To compare the effects of laparoscopic hepatectomy (LH) on the short-term and long-term outcomes in hepatocellular carcinoma (HCC) patients with and without clinically significant portal hypertension (CSPH).

Methods

A systematic literature search of the PubMed, EMBASE, and Cochrane databases was performed for articles published from inception to March 1, 2023. Meta-analysis of surgical and oncological outcomes was performed using a random effects model. Data were summarized as mean difference and risk ratio with 95% confidence intervals.

Results

Five cohort studies with a total of 310 HCC patients were included (CSPH 143; Non-CSPH 167). In terms of surgical outcomes, estimated blood loss and the length of hospital stay were significantly lower in the Non-CSPH group than in the CSPH group. There were no significant differences between the two groups regarding other surgical outcomes, including the operative time, ratio of conversion to open surgery, and overall complication rate. In addition, there were also no significant differences between the two groups regarding the oncological outcomes, such as 1-, 3-, and 5-year overall survival.

Conclusions

HCC patients with and without CSPH who underwent LH had comparable surgical and oncological outcomes. LH is a safe and effective treatment for HCC patients with CSPH under the premise of rational screening of patients.

Introduction

Hepatocellular carcinoma (HCC) is the fifth most common and the third most deadly malignancy worldwide [1]. An estimated 905,700 cases were diagnosed with primary liver cancer and 830,200 patients died from the disease worldwide in 2020 [2]. Cirrhosis is currently considered the main precancerous lesion of primary HCC, and cirrhotic patients with clinically significant portal hypertension (CSPH) are more likely to develop HCC [3]. Due to the dearth of efficient radical treatments, the long-term prognosis of HCC patients with CSPH is poor, with a 5-year overall survival (OS) being less than 50% [4]. Up to now, there has been no uniform guideline for the treatment of HCC with CSPH due to the complex conditions of the patients and the great difficulty of the surgery.
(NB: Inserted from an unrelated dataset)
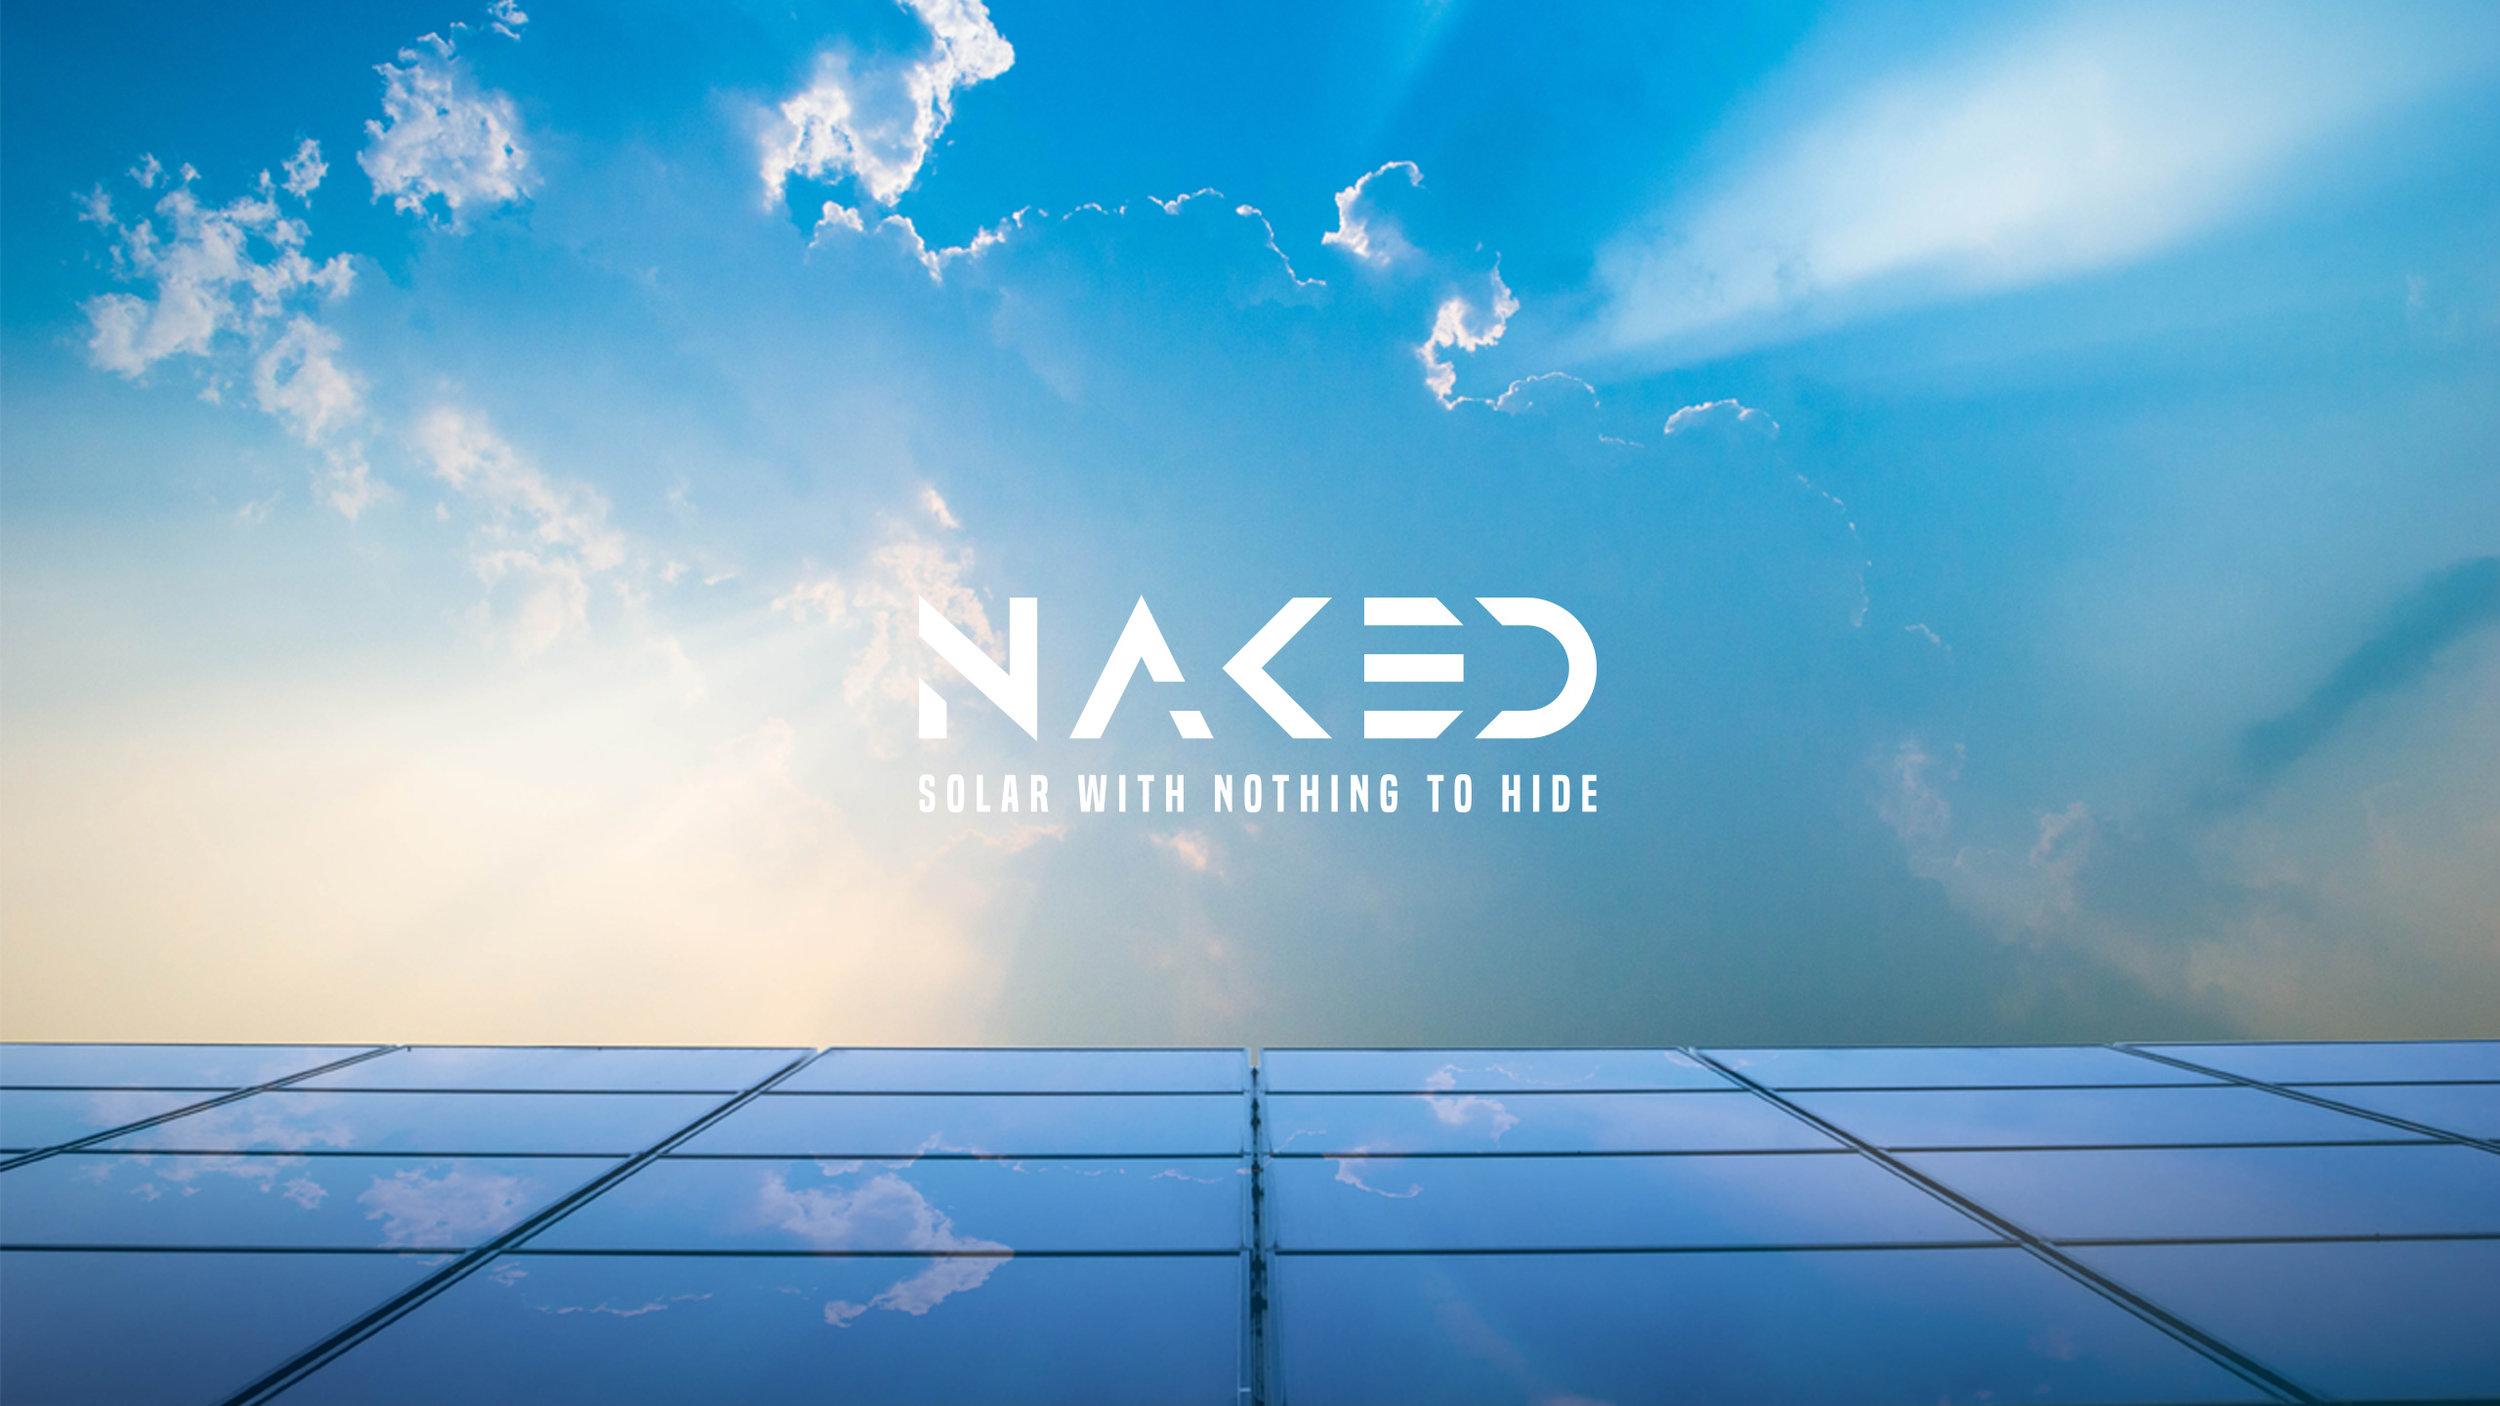 naked solar logo and brand image

According to the Barcelona Clinic Liver Cancer (BCLC) staging classification, guidelines by the European Association for the Study of the Liver and the American Association for the Study of Liver Diseases concluded that surgical resection is not recommended for HCC patients with CSPH [5, 6]. In recent years, increasing reports have demonstrated hepatectomy as a feasible and effective treatment for HCC patients with CSPH [7, 8]. With the rapid development of laparoscopic techniques, laparoscopic hepatectomy (LH) has been widely applied in HCC patients. It exhibits a superior short-term prognosis, including less blood loss, lower complication rate, and shorter hospital stay, while a similar long-term prognosis, compared with traditional open hepatectomy (OH) [9, 10]. However, there is disagreement regarding the surgical and oncological outcomes of LH in HCC patients with CSPH [11,12,13,14,15], and its safety and efficacy also remain controversial.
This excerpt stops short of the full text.